Environmental Technologies Industries
||Environmental Technologies Industries
|Malaysia Environmental Export Market Plan|
|Chapter 1 - Economic Overview of Malaysia|
Malaysia is coming to grips with its mounting financial troubles after being caught in the contagious economic downturn that began in Thailand in July 1997 and spread from Southeast Asia to other parts of Asia. In December 1997, the government announced sweeping austerity measures aimed at stemming the crisis and preventing further deterioration of the country's financial system and its currency.
For Malaysia, this austerity was an especially bitter pill. Until recently, Malaysia was the envy of its neighbors, with its booming economy and relatively stable politics. (See table 1 for Malaysia's economic indicators for 1996 and 1997.) Prime Minister Datuk Seri Mahathir Mohamad, 71, the country's longest-serving leader, has presided over an economy for the past 10 years that has had close to double-digit average annual growth in its gross domestic product (GDP). Despite his strong-arm tactics and political patronage, Mahathir remains the popular leader of the ruling coalition dominated by his political party, UMNO.
Table 1: Economic Indicators
* Calculation based on an exchange rate of RM3.1975=$1 on September 30, 1997.
|Gross domestic product (GDP) growth||8%||8.6%|
|Gross national product (GNP) growth||10.2%||14.3%|
|Per capita income||RM12,102||RM 11,239|
|Per capita income growth||7.7%||11.7%|
|Nominal per capita income (in terms of purchasing power parity against $US)*||$10,663||$12,305|
|Nominal per capita income growth||(15.4%)||11.6%|
|Private sector investment||10.6%||15.8%|
|Exports of goods and nonfactor services||7.1%||10.1%|
|Imports of goods and nonfactor services||7.1%||4.5%|
|Consumer price index (CPI) - Inflation**||2.6%||3.6%|
** Accounts for first nine months only for both 1996 and 1997.
Source: Ministry of Finance, Malaysia
Malaysia's phenomenal success resulted largely from its rapid expansion from an agricultural and commodity-based economy (mainly exports of rubber and tin) to a competitive manufacturing economy through diversification into resource processing, high technology, and export industries. The electronics industry now accounts for nearly 80 percent of the country's export earnings. Malaysia is the world's third largest producer of semiconductors, after the United States and Japan. Today, agricultural exports account for only 13 percent of Malaysia's total export earnings. Oil and gas exports contribute less than 6 percent. Exports have bolstered the nation's wealth and created a large Malaysian middle class.
During the past 10 years, Mahathir has advanced an ambitious vision of Malaysia as a fully developed economy by 2020, rushing ahead with large, privatized infrastructure projects to achieve that goal. Mahathir continues to drive that vision with elaborate plans, including one aimed at transforming his country into the region's high-tech powerhouse. Mahathir has begun laying the groundwork by enlisting the world's leading information technology companies to assist in planning and development. The plan would require up to $25 billion in investments by 2005.

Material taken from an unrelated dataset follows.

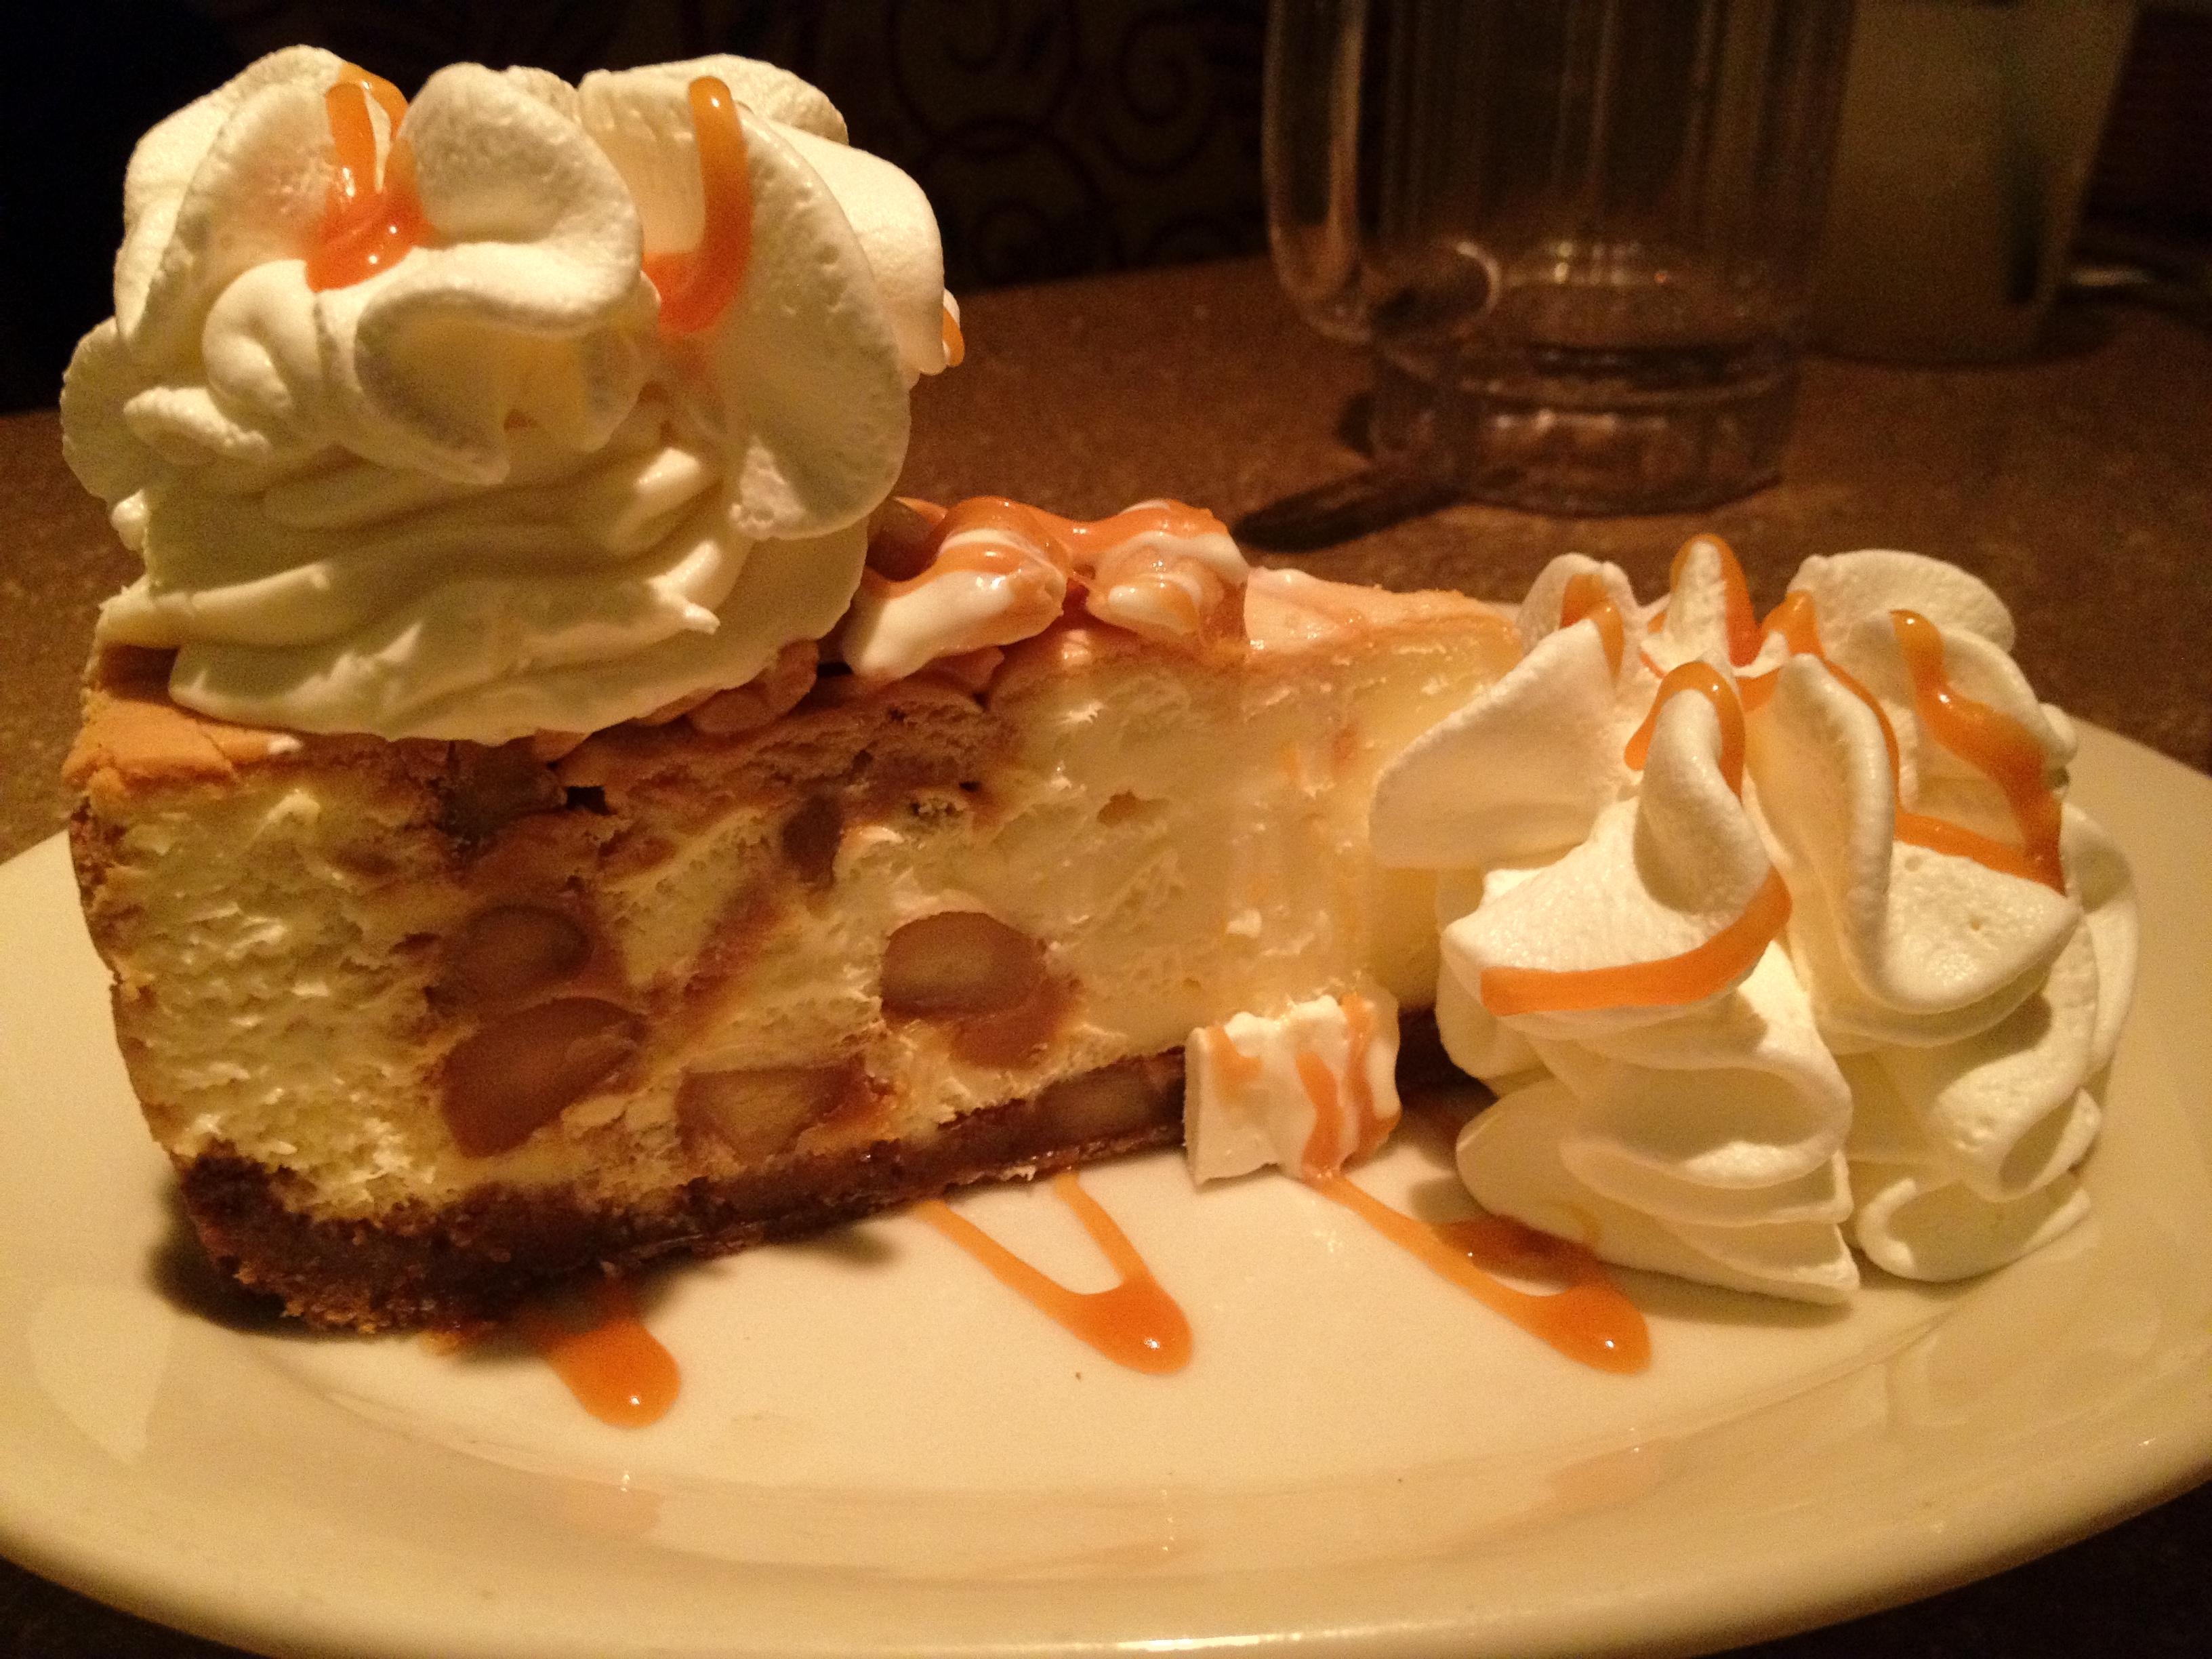 White chocolate caramel macadamia nut cheesecake – Matt on Not ...

Signs of an overheated economy began to appear in 1995 and persisted over the next two years. Analysts point to the brutal pace of economic growth 8.3 percent in 1996 and 8 percent initially forecast for 1997 coupled with several huge infrastructure projects that will require 19.2 billion Malaysian ringgit (RM); (about $6 billion) during the Seventh Five-Year Plan (1996-2000). Some of the projects, such as an eye-popping 95-kilometer bridge linking peninsular Malaysia with the Indonesian island of Sumatra and one of Asia's largest hydroelectric dams, were clearly aimed at enhancing Malaysian prestige. Many were concerned that the boom emanated from Malaysia's brand of capitalist business culture, where projects went to powerful, well-connected businessmen and were financed by heavy bank borrowings and stock market deals, rather than to those who showed the most technical or commercial merit.

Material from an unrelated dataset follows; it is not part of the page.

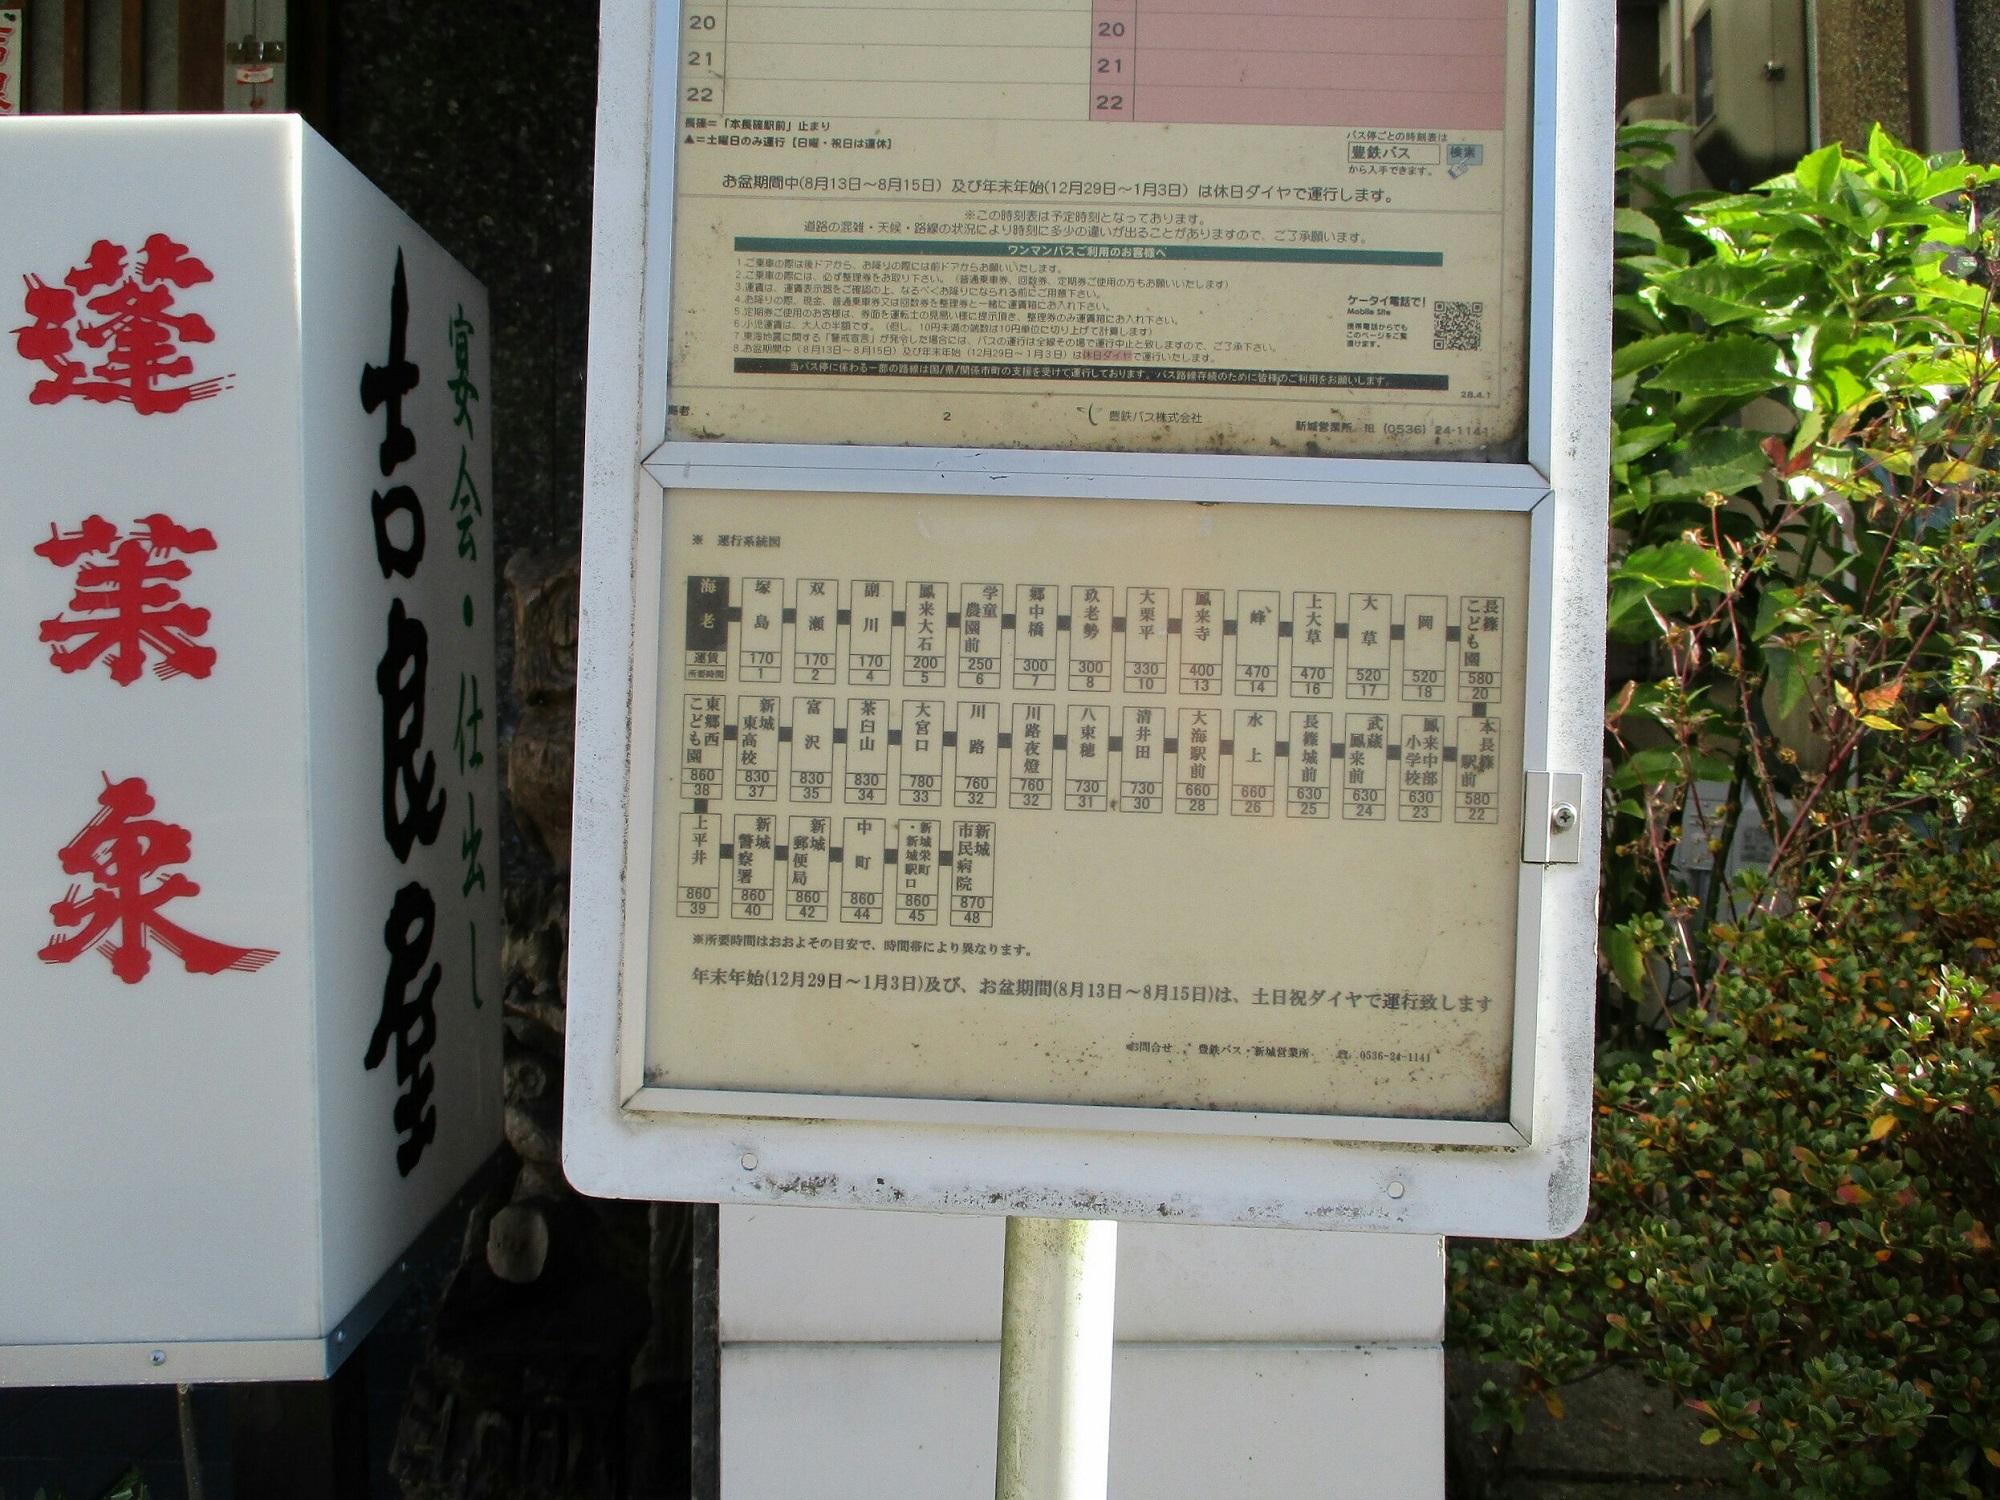 2018.12.14 (103) 海老バス停 - 運行系統図 2000-1500

The July 1997 crisis in Thailand's financial sector that led to the Thai baht devaluation triggered similar currency devaluations across Southeast Asia, including that of the Malaysian ringgit, which, as of December 1997, had depreciated 33 percent against the U.S. dollar. The situation continued to worsen after the government presented its 1998 budget in October 1997. In an effort to head off the country's financial woes, Deputy Prime Minister and Finance Minister Anwar Ibrahim announced in December 1997 the most sweeping policy changes in the country in a decade. Malaysia's inflation-adjusted economic growth for 1997, already down to 7.5 percent from the initial 8 percent forecast, is predicted to slow to 4 to 5 percent in 1998, its lowest level since the aftermath of the oil crisis in 1985-86. Among the measures announced in 1997 were plans to:
- Cut government spending by 18 percent;
- Postpone nonessential construction projects and disallow new ventures;
- Delay or defer nonessential big-ticket import items;
- Build up foreign exchange reserves;
- Restrict bank credits and stock market fund-raising; and
- Defer Malaysian investments abroad.
The government also announced plans to narrow the account deficit (a measure of trade in goods and services plus financial transfers) to 3 percent of gross national product (GNP) from about 5 percent of GNP in 1996.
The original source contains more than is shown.